For those without medical training, trying to comprehend the intricate operations of the brain can seem overwhelming. Rest assured; it’s not necessary for a devoted caregiver to know how the brain works and what happens when it is injured, especially during the tense, confusing, and exhausting first few days or weeks after an injury. If you would rather not puzzle your way through the operations of the brain, feel free to skip this chapter. Doing so will not diminish your understanding of the rest of the book.
For readers seeking a basic knowledge of the brain, this chapter describes:
The Healthy Brain
The human brain is three pounds of a grooved, pinkish-gray, walnut-shaped, jelly-like substance. As vulnerable to sticks and stones as Jell-O, our most vital organ is guarded by four layers of defense.

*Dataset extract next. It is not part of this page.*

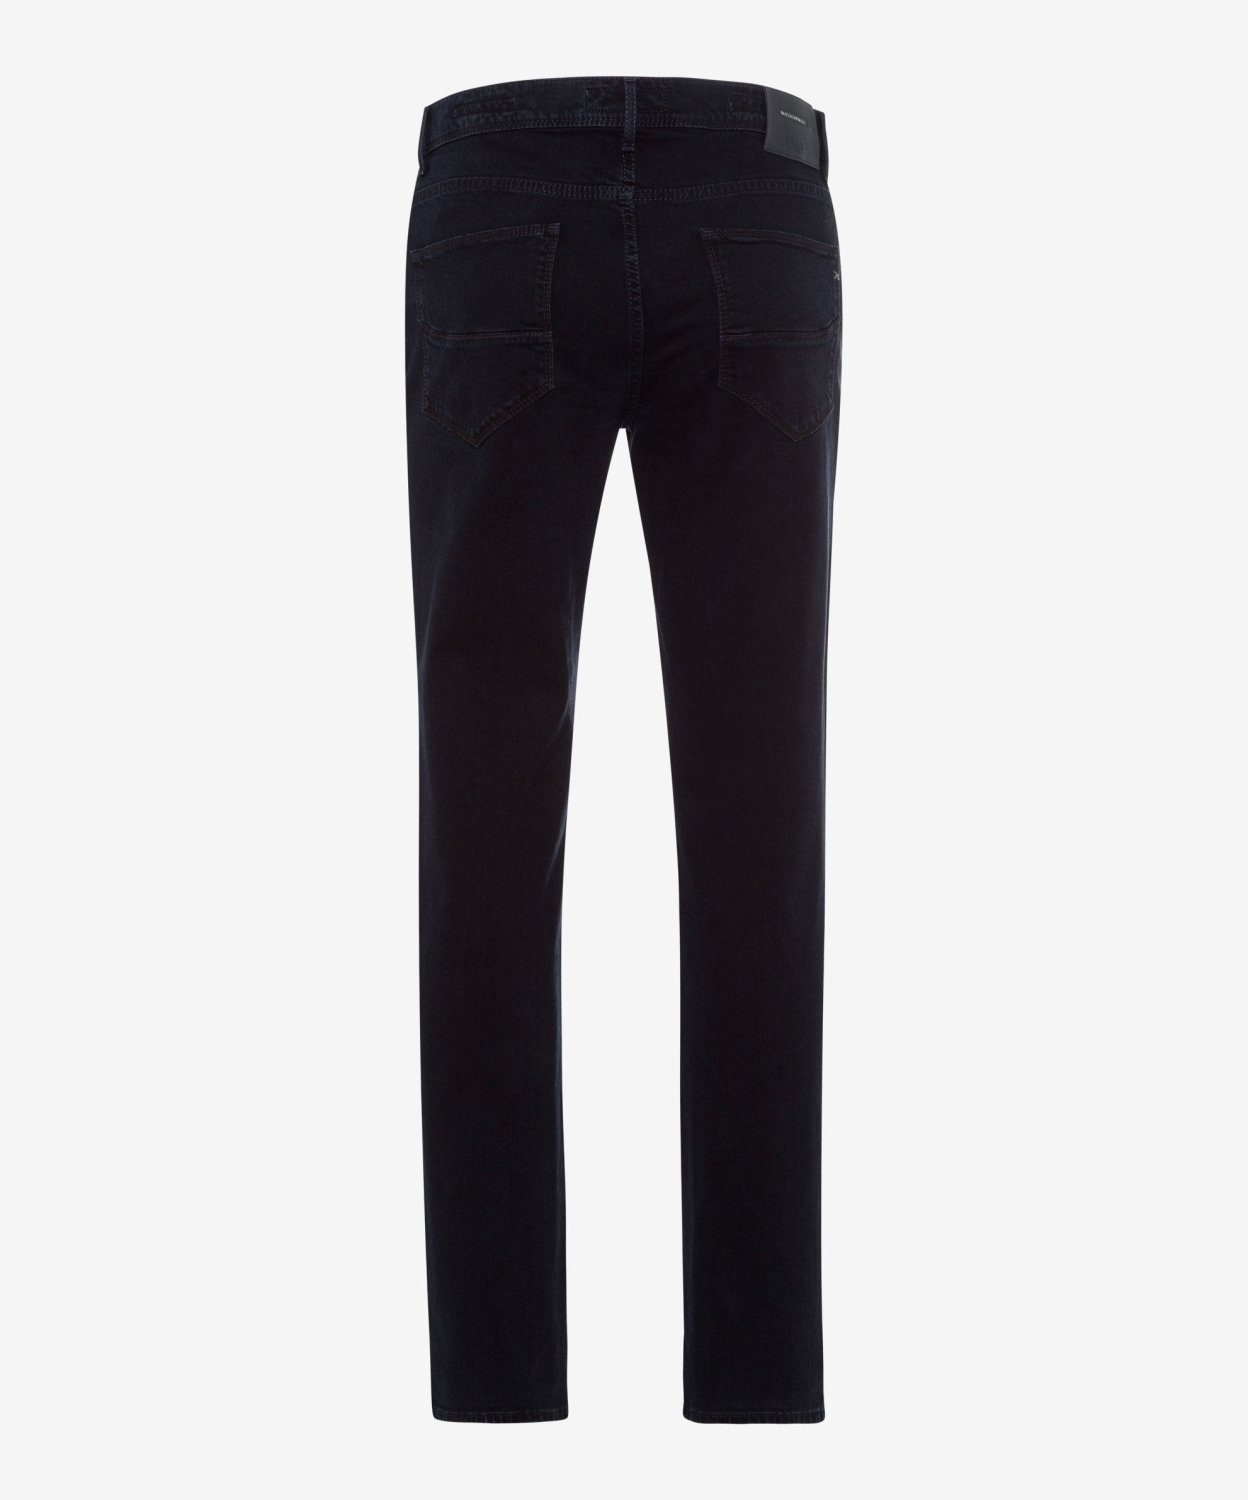 Herren Style blue 5-Pocket-Hose black Brax Jeans Cadiz

The brain floats in a nourishing and cleansing pool of liquid called cerebrospinal fluid. Wrapped around the brain and bathed by this fluid are three sheet-like, shock-absorbing membranes or meninges, which extend down through the body with the spinal cord. Enclosing the brain and the meninges are the eight, quarter-inch-thick skull bones. These bones are covered by muscles, skin, hair, the occasional hat, and—not nearly often enough—a helmet.
The brain houses a complex network of billions of microscopic nerve cells called neurons. Each neuron, which is separated from its neighbors by an infinitesimal gap, has three parts. We need only be familiar with the long, wiry axon, which transmits signals to and from adjacent neurons.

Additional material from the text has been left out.